Tally

Reports

SDK report objects, View API, and the schema-stable run artifact.

Reports

Tally exposes two report representations and a type-safe View API:

  • TallyRunReport: SDK-facing in-memory object returned from await tally.run().
  • TargetRunView: Type-safe accessor for report data, created via report.view().
  • TallyRunArtifact: Schema-stable, serializable artifact produced by report.toArtifact().

Import

import type {
  TallyRunReport,
  TallyRunArtifact,
  TargetRunView,
  StepResults,
  StepResultsWithIndex,
  ConversationResults,
  SummaryResults,
  StepEvalResult,
  ConversationEvalResult,
  Measurement,
  EvalOutcome,
  EvalSummary,
  VerdictSummary,
} from '@tally-evals/tally';

View API

The View API provides ergonomic, type-safe access to report data. Call report.view() to get a TargetRunView.

TargetRunView

Type-safe view over run results with eval name autocomplete.

stepCount:number

Total number of steps in the conversation.

defs:RunDefs

All definitions (metrics, evals, scorers) used in the run.

step(index):(index: number) => StepResults

Get all single-turn eval results for a specific step.

steps():() => Generator<StepResultsWithIndex>

Iterate over all steps with their results.

conversation():() => ConversationResults

Get multi-turn evals and scalar scorer results.

summary():() => SummaryResults | undefined

Get aggregated summaries by eval name.

metric(name):(name: string) => MetricDefSnap | undefined

Look up a metric definition by name.

eval(name):(name: string) => EvalDefSnap | undefined

Look up an eval definition by name.

scorer(name):(name: string) => ScorerDefSnap | undefined

Look up a scorer definition by name.

metricForEval(name):(name: string) => MetricDefSnap | undefined

Get the metric definition for an eval.


StepResults

Object returned by view.step(index). Keys are eval names with type-safe autocomplete.

[evalName]:StepEvalResult

Result for a single-turn eval at this step. Keys are literal eval names.


StepResultsWithIndex

Yielded by view.steps() generator. Same as StepResults plus an index property.

index:number

Step index (0-based).

[evalName]:StepEvalResult

Result for a single-turn eval at this step.


ConversationResults

Object returned by view.conversation(). Contains multi-turn evals and scalar scorers.

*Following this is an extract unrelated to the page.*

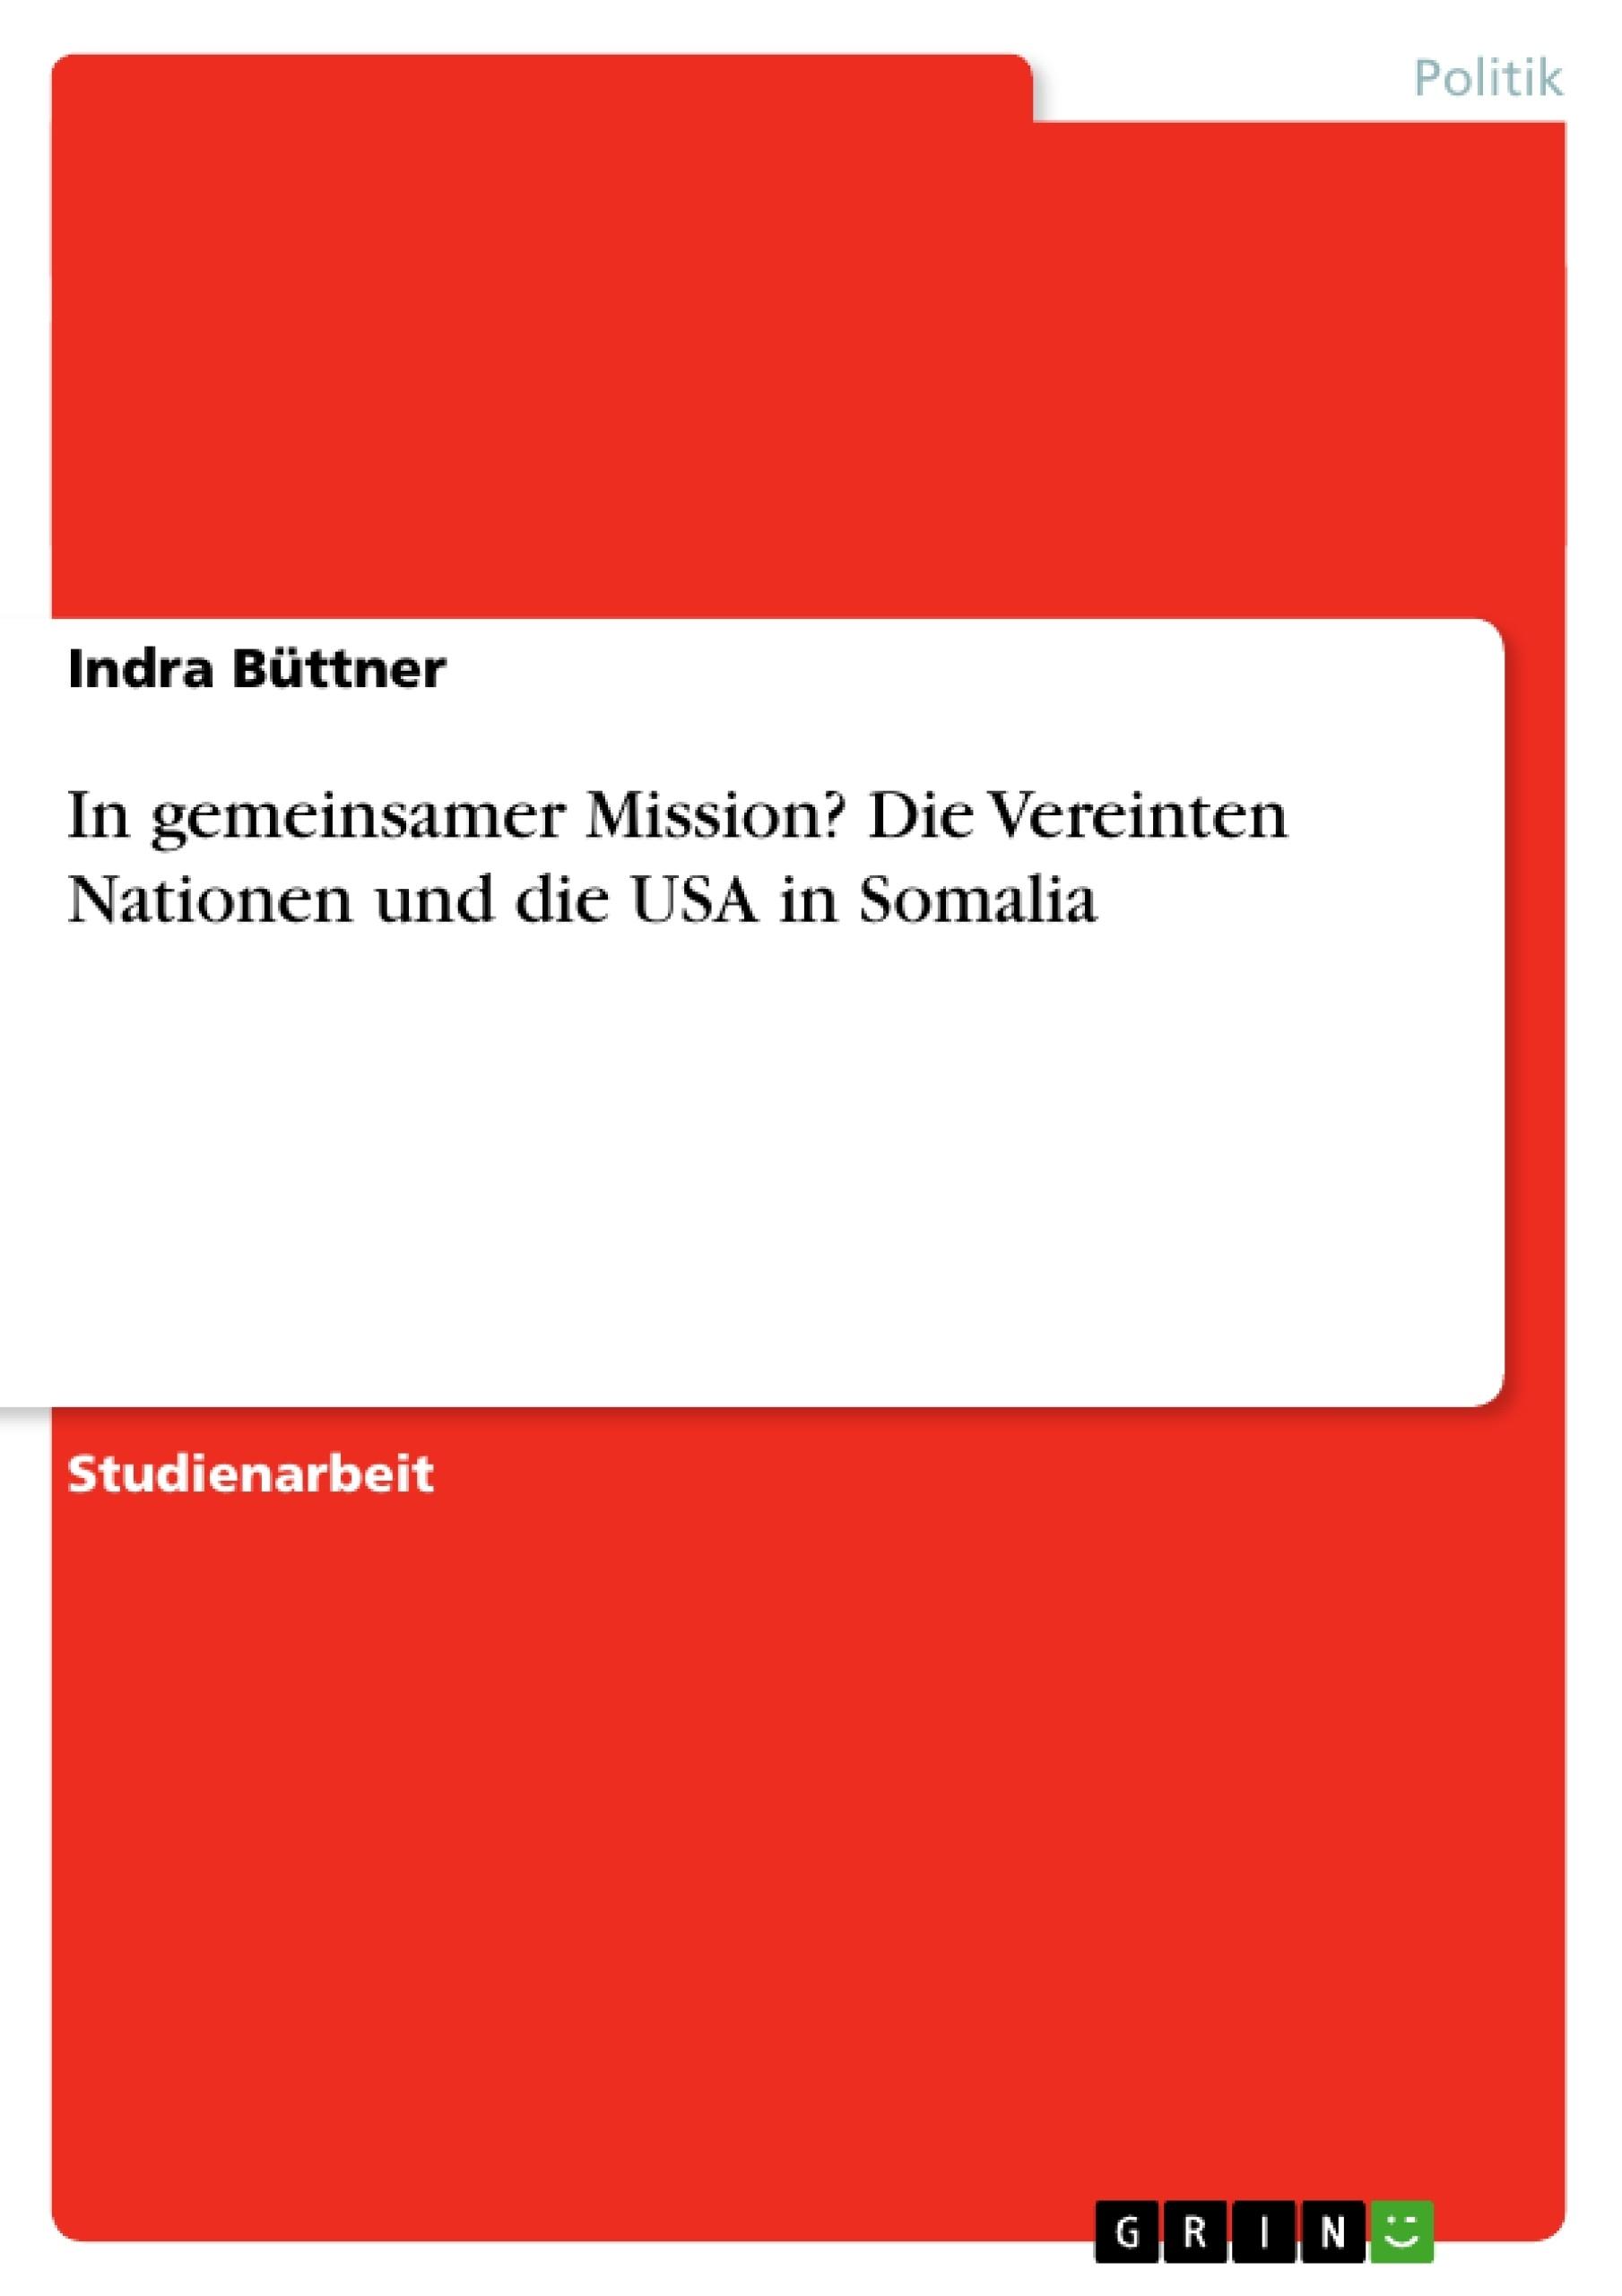 Titel: In gemeinsamer Mission? Die Vereinten Nationen und die USA in Somalia
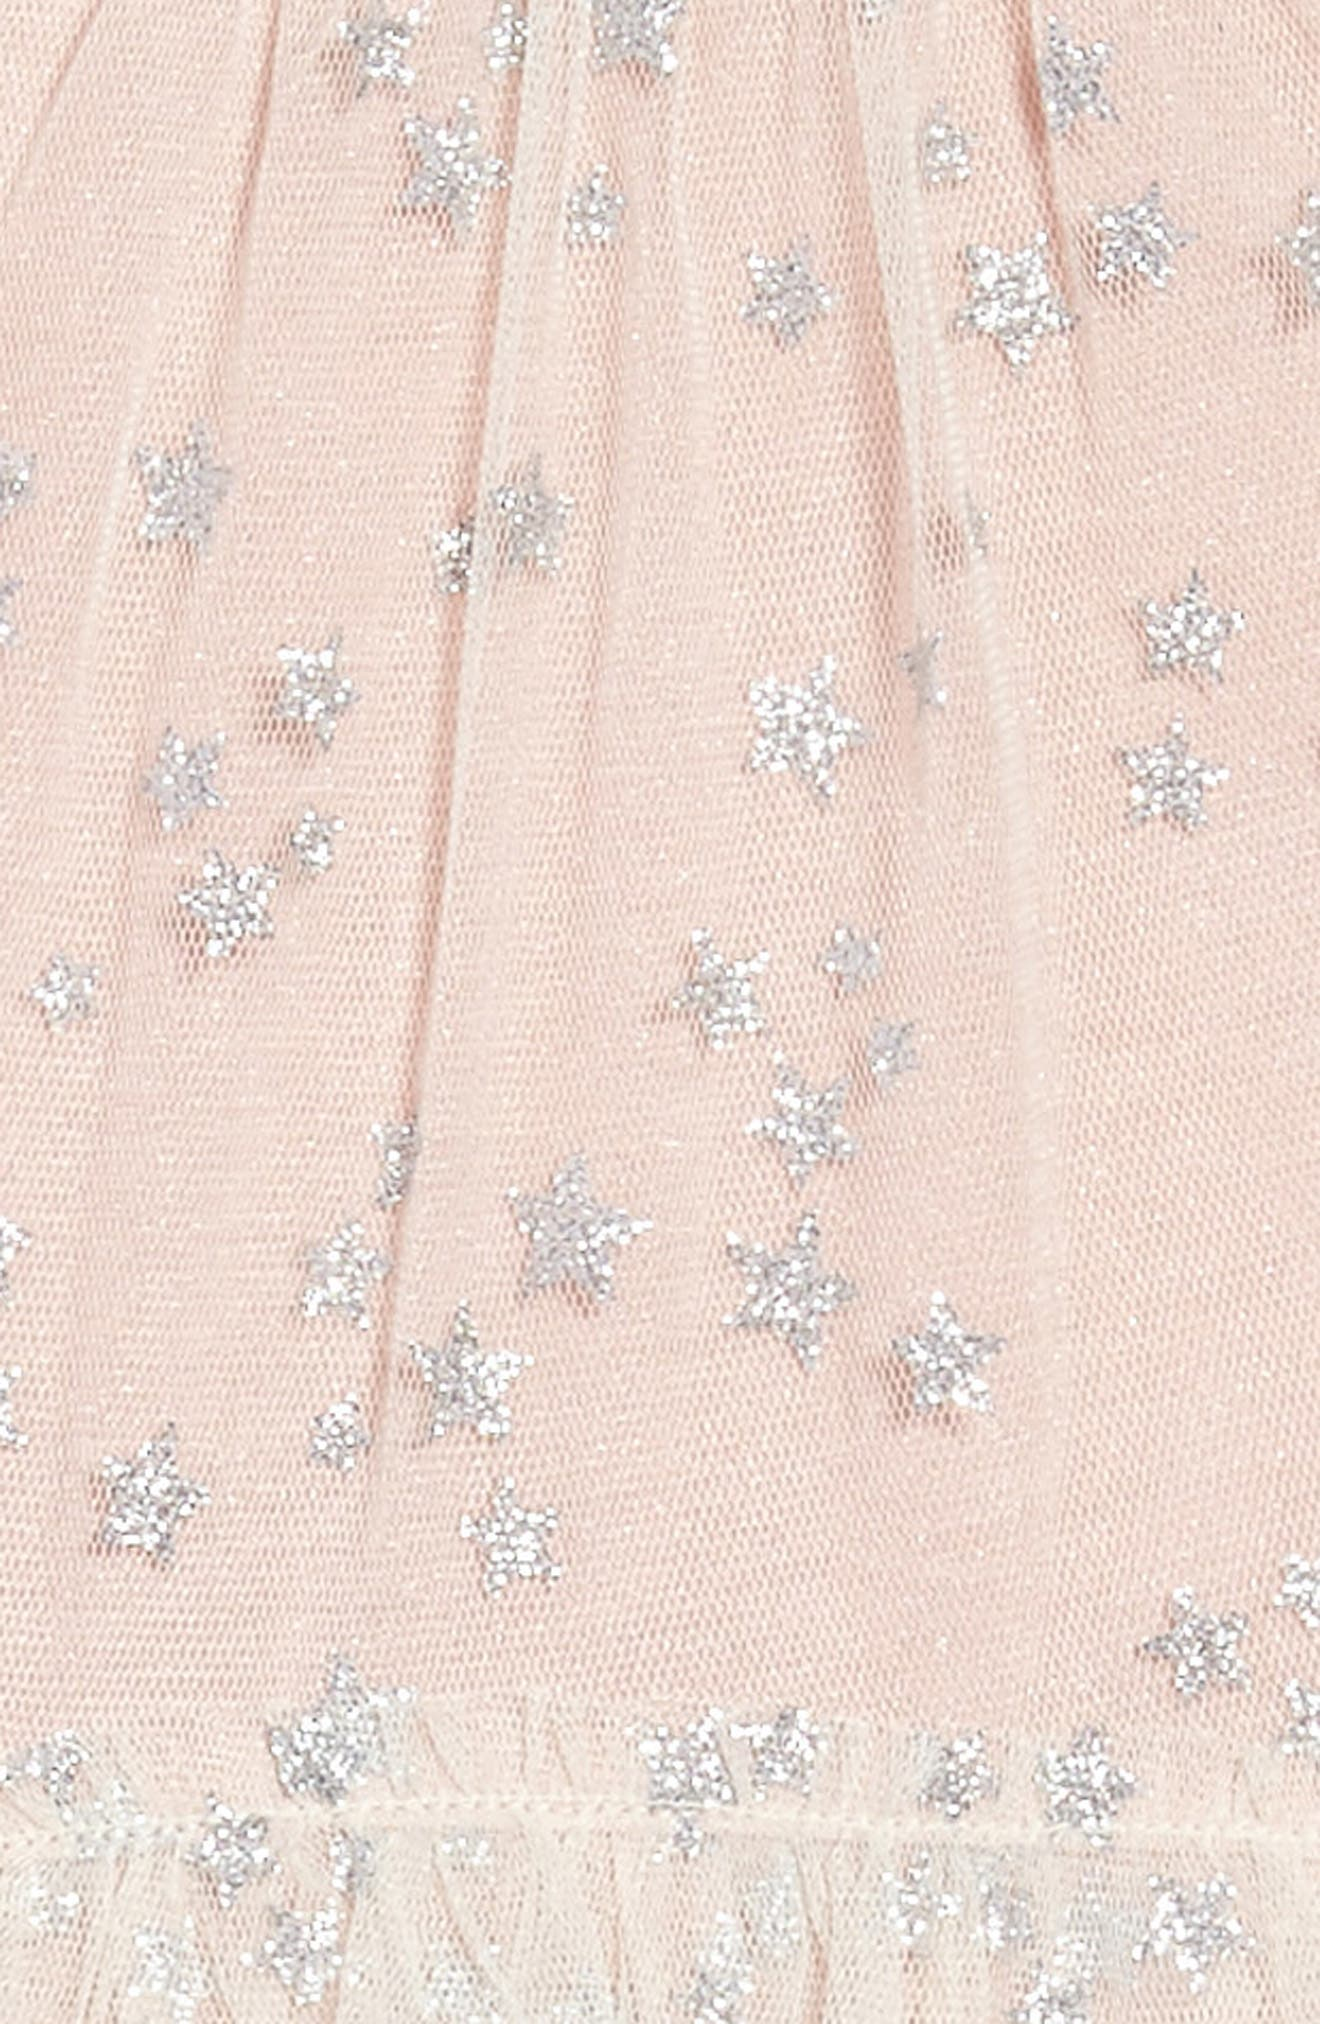 Alternate Image 3  - Truly Me Mesh Star Dress (Toddler Girls & Little Girls)

[evalName]:ConversationEvalResult

Result for a multi-turn eval or scalar scorer. Keys are literal eval names.


SummaryResults

Object returned by view.summary(). Contains aggregated statistics by eval name.

[evalName]:EvalSummary

Summary for an eval including aggregations and verdict rates.


StepEvalResult

Result for a single step evaluation.

evalRef:string

Name of the eval.

measurement:Measurement

The measurement (score, rawValue, metadata).

outcome?:EvalOutcome

Verdict outcome (if verdict policy was defined).


ConversationEvalResult

Result for a conversation-level evaluation.

evalRef:string

Name of the eval.

measurement:Measurement

The measurement (score, rawValue, metadata).

outcome?:EvalOutcome

Verdict outcome (if verdict policy was defined).


Measurement

The measured value from a metric execution.

metricRef:string

Reference to the metric in defs.metrics.

score?:number

Normalized score (0-1) after normalization.

rawValue?:number | boolean | string | null

Original metric value before normalization.

confidence?:number

LLM confidence (0-1) if applicable.

reasoning?:string

LLM reasoning if applicable.

executionTimeMs?:number

Execution time in milliseconds.

timestamp?:string

ISO timestamp of measurement.

metadata?:Record<string, unknown>

Additional metadata.


EvalOutcome

Verdict outcome from applying a verdict policy.

verdict:'pass' | 'fail' | 'unknown'

The final verdict.

policy:VerdictPolicyInfo

The policy used to compute the verdict.

observed?:{ rawValue?: MetricScalar; score?: number }

The observed values used for the verdict.


EvalSummary

Aggregated summary for an eval across all targets.

eval:string

Eval name.

kind:'singleTurn' | 'multiTurn' | 'scorer'

Eval kind.

count:number

Number of data points.

aggregations?:{ score: Record<string, number>; raw?: Record<string, number | Record<string, number>> }

Aggregated statistics (mean, percentiles, etc.).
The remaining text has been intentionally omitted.